Capitalism in space: NASA officials stated this weekthat they plan to rely more on private space companies for its future deep space missions.

NASA’s statement is the most direct agency indication so far that projected U.S. government funding may need to leverage private-sector investments and commercial expertise in order for crews to fulfill the agency’s target of reaching Mars by the late 2030s and establishing settlements there by the 2040s. NASA said it also expected to persuade some foreign governments to participate in crewed voyages to Mars.

William Gerstenmaier, the head of NASA’s human-exploration office, wrote to the inspector general that efforts to use private cargo rockets as part of the overall drive to send crews to Mars “are continual and will also be reflected in the exploration road map” slated for delivery to Congress at the end of 2017.

This story is merely noting NASA’s response to the recommendations of the NASA inspector general report [pdf] that came out earlier in the week that noted the delays and costs of SLS/Orion and suggested alternative approaches. What that response indicates is that NASA is increasingly bending to the cost pressures that they face with SLS/Orion, and are now more willing to consider private and less expensive and quicker alternatives.

The Inspector General (IG) report is itself a sign that the agency and the executive branch is beginning to see the light about the ineffectiveness of SLS/Orion. Previous IG reports in the past five years have tiptoed around the delays and gigantic cost of SLS/Orion. If anything, they were written to allow NASA to prepare Congress and the public for more delays and larger budgets. This report however was much more blunt and critical, and went out of its way to outline alternatives to SLS/Orion.

Another sign that the political winds are shifting is this story about a request by 20 House members to the Air Force to expand its program encouraging the development of competing private launch systems. In the past some of these same House members had tried to force particular companies and products on the Air Force and on ULA. Now they seem more willing to let the Air Force put out the bids competitively and allow the chips to fall where they may.

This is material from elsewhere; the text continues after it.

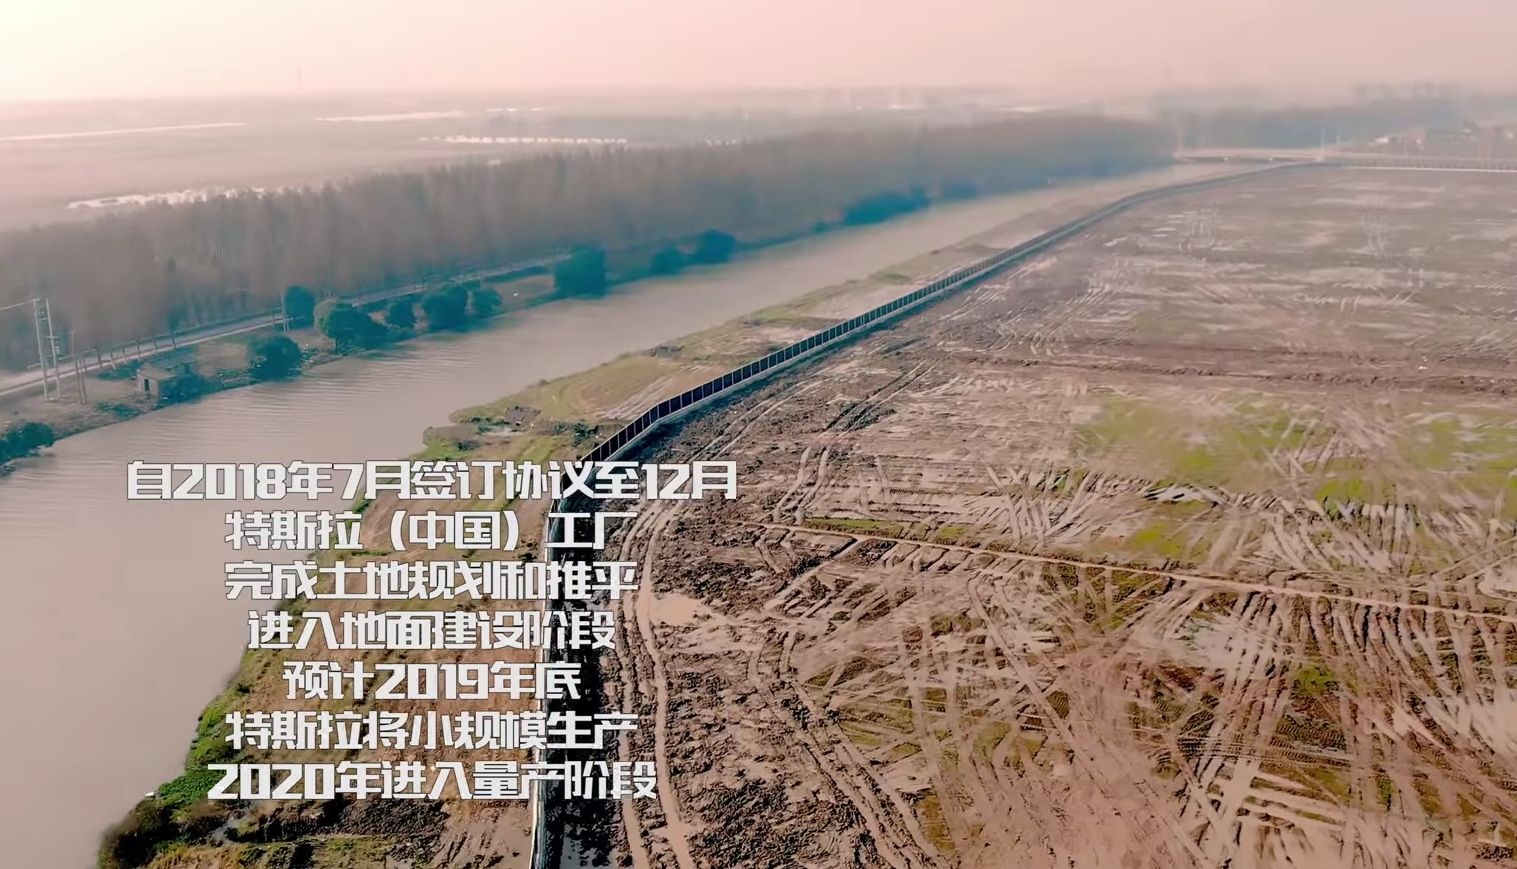 shanghai-gigafactory

More important is this quote about two members who did not sign the letter request:

Absent from the list of members who signed the [letter] are Reps. Mac Thornberry (R-Texas) and Mike Rogers (R-Ala.), the chairmen of the full House Armed Services Committee and its Strategic Forces Subcommittee, respectively. In February, the two sent a letter to Acting Secretary of the Air Force Lisa Disbrow and James MacStravic, performing the duties of the under secretary of defense for acquisition, calling on the government to have “full access to, oversight of, and approval rights over decision-making about any engine down-select for Vulcan (assuming they will be requesting government funding).”

In the letter, they argued that since ULA is accepting government funding to support the development of Vulcan, the government should also have insight into that process, “especially where one of the technologies is unproven at the required size and power.” That was a reference to Blue Origin’s BE-4, which will be the largest rocket engine developed to date using methane as a fuel, rather than the kerosene used by the RD-180 and AR1 engines.

Thornberry has since backtracked on the comments in that letter, telling reporters last month it was not his intent to micromanage subcontracting decisions.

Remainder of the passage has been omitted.